一针见血的安全补丁:基于单实例的微调大语言模型修复
Safety at One Shot: Patching Fine-Tuned LLMs with A Single Instance
January 5, 2026
作者: Jiawen Zhang, Lipeng He, Kejia Chen, Jian Lou, Jian Liu, Xiaohu Yang, Ruoxi Jia
cs.AI
摘要
安全对齐大语言模型(LLM)的微调可能严重损害其安全性。现有方法通常需要大量安全样本或校准数据集,这不仅在重新对齐过程中产生显著计算开销,还会导致模型实用性明显下降。与传统认知相反,我们发现仅需单个安全样本即可完全恢复安全对齐,且不会牺牲实用性或产生过高成本。值得注意的是,这种恢复效果与微调时使用的有害样本数量或基础模型规模无关,仅需少量训练周期即可实现收敛。此外,我们揭示了安全梯度的低秩结构特性,这解释了为何能实现如此高效的修正。我们在五个安全对齐LLM和多个数据集上验证了发现,证明了该方法的普适性。
English
Fine-tuning safety-aligned large language models (LLMs) can substantially compromise their safety. Previous approaches require many safety samples or calibration sets, which not only incur significant computational overhead during realignment but also lead to noticeable degradation in model utility. Contrary to this belief, we show that safety alignment can be fully recovered with only a single safety example, without sacrificing utility and at minimal cost.
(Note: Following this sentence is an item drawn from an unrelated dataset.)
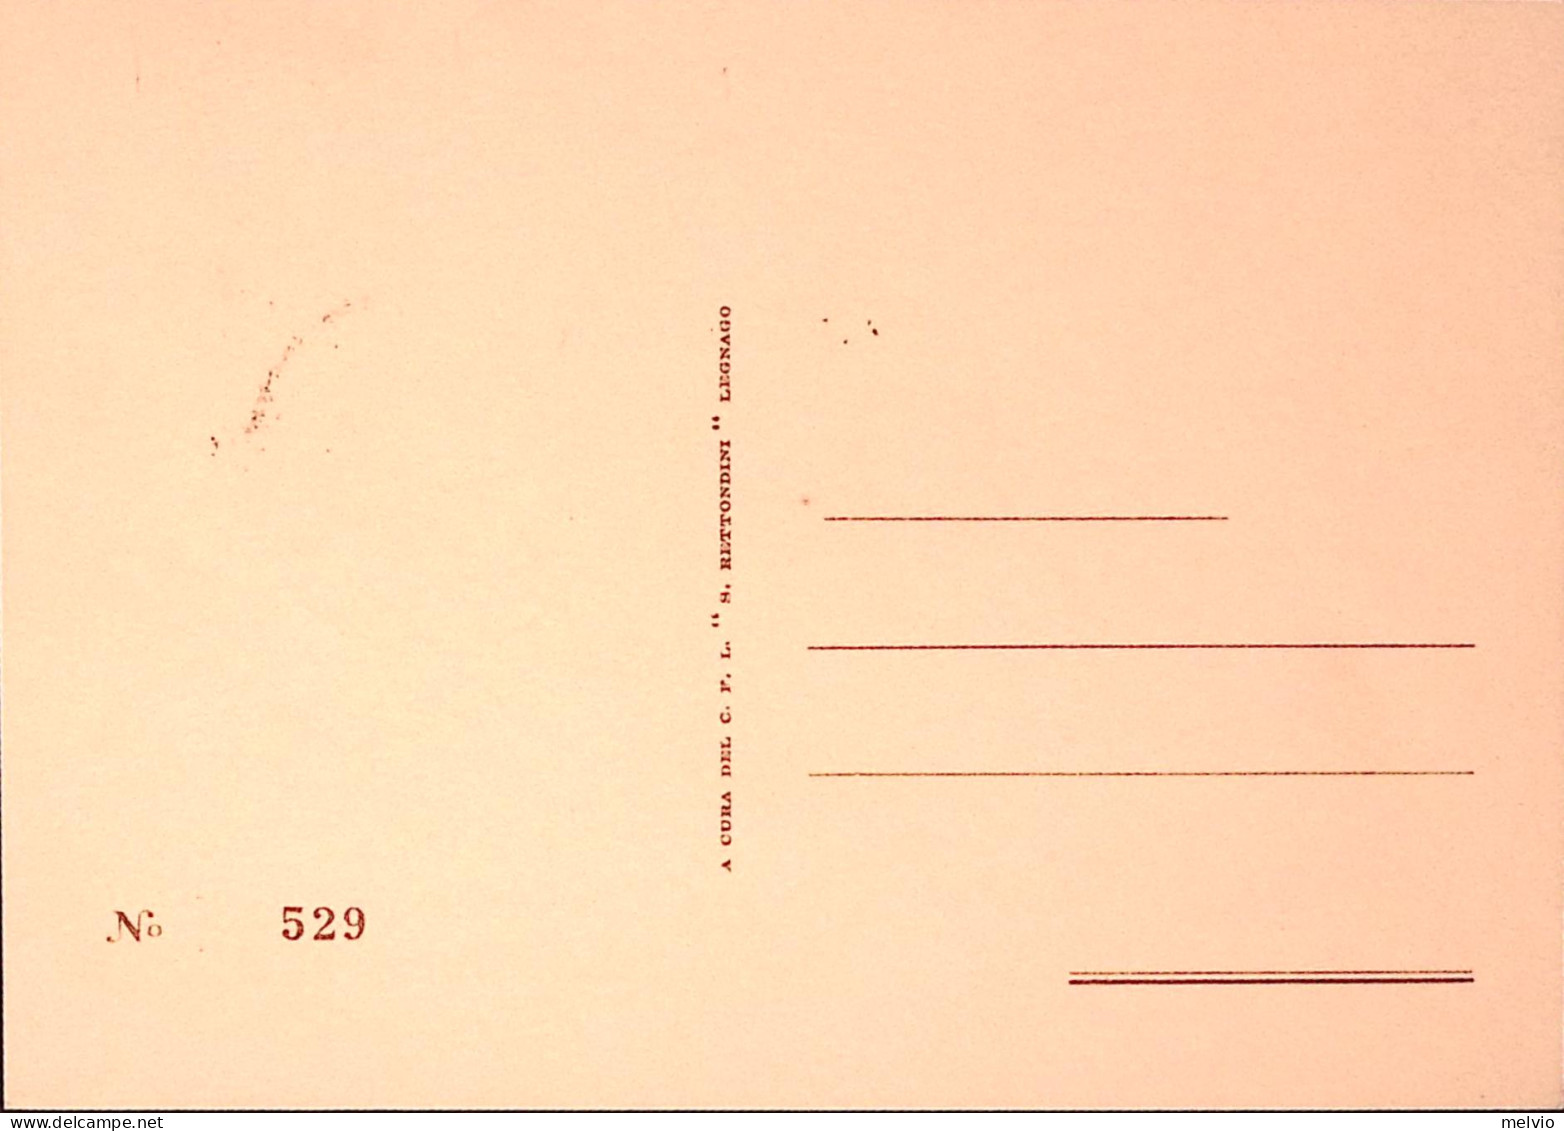 1967-MOSTRA MOBILE D'ARTE/CEREA Annullo Speciale (24.9) Su Cartolina Ufficiale - 1961-70: Storia Postale

Remarkably, this recovery is effective regardless of the number of harmful examples used in fine-tuning or the size of the underlying model, and convergence is achieved within just a few epochs. Furthermore, we uncover the low-rank structure of the safety gradient, which explains why such efficient correction is possible. We validate our findings across five safety-aligned LLMs and multiple datasets, demonstrating the generality of our approach.